Top 5 Hours for `Ask HN` Comments:
15:00:38.59 average comments per post
02:00:23.81 average comments per post
20:00:21.52 average comments per post
16:00:16.80 average comments per post
21:00:16.01 average comments per post


# Conclusion

From above, the Top 5 hours to post are listed. The best time to post is by far 3 PM (Eastern Time) with an average 38.59 comments *per* post. If a user is looking for the highest amount of user to user engagement as possible, then posting at this time will be ideal which would be 10 AM my time (Hawaii Standard Time).
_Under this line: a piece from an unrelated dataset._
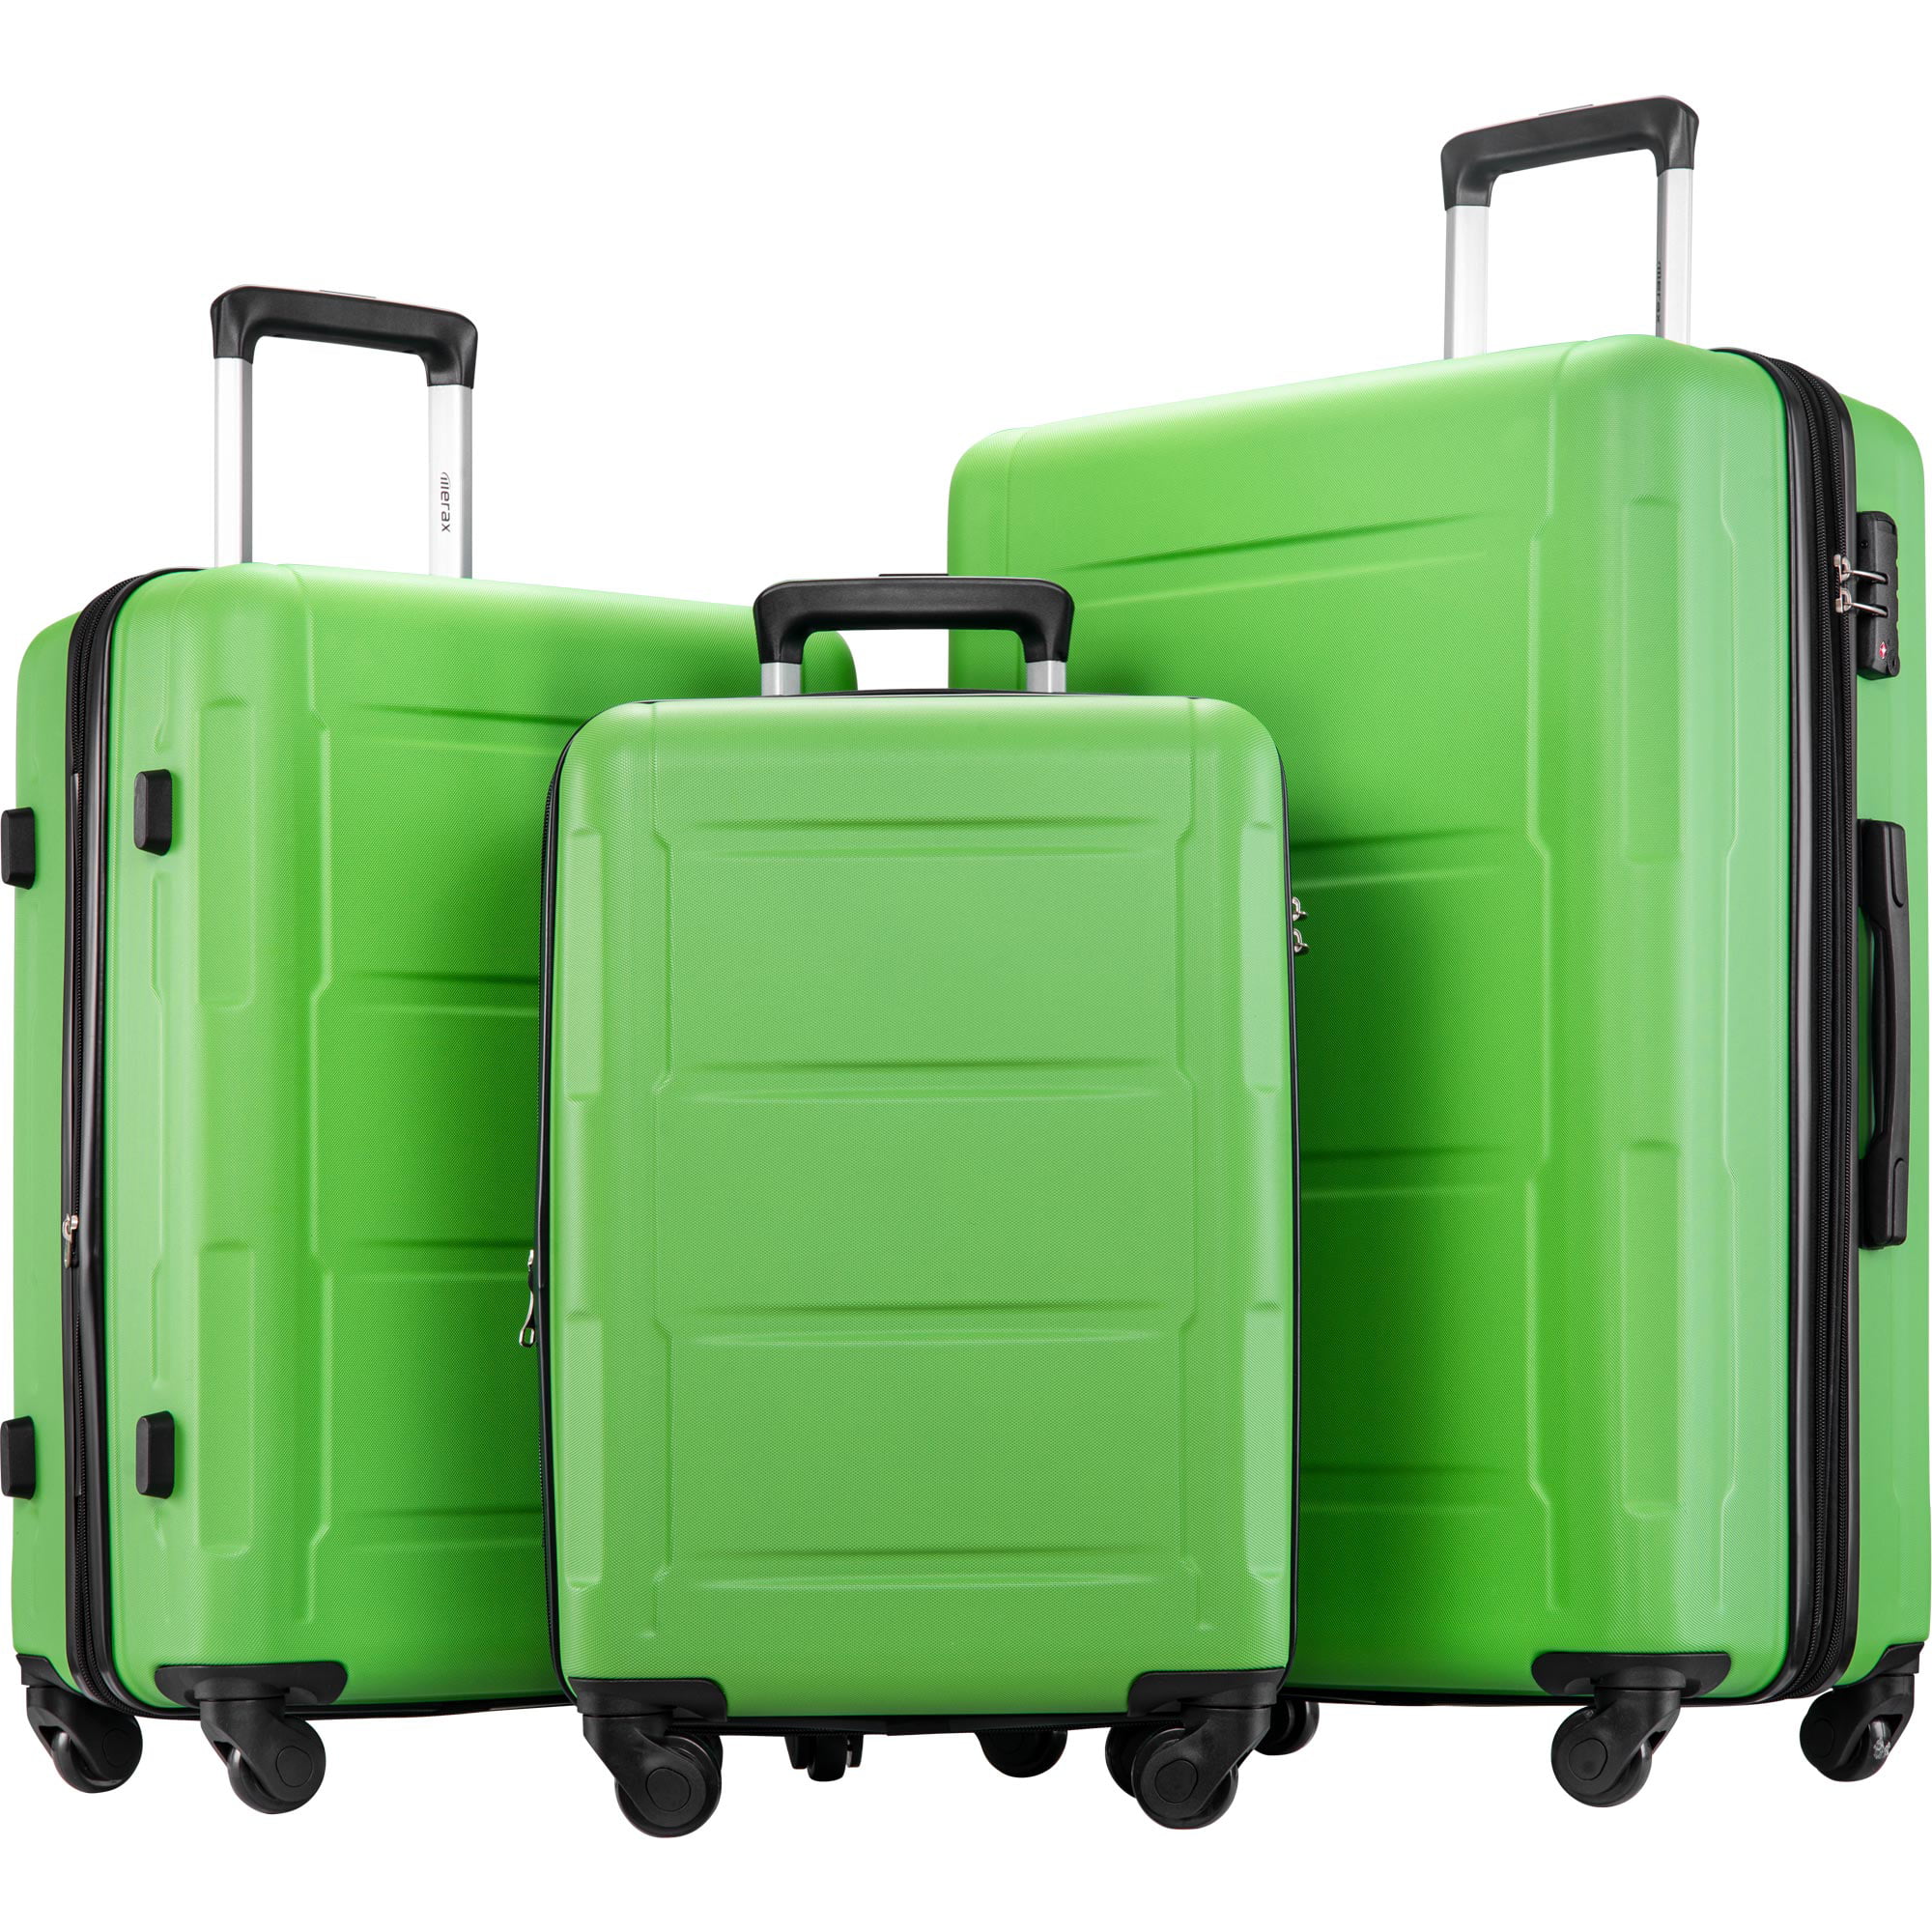 SEGMART Expandable Luggage Sets of 3, 3-Piece Nepal | Ubuy

This data covers 12 months from 2016, so times could be very different by now, but this is still a great place to start. 

Another idea for further analysis would be to find the top ten authors who receive the most comments and look into what kind of posts do they post. That way you could possibly find the following information:

- How do the top authors write their titles?
- What type of posts are the top authors posting?
- What is the format of the post that the top authors using? Are they the same? Are they different?

You can use this new information to increase the value of your own posts.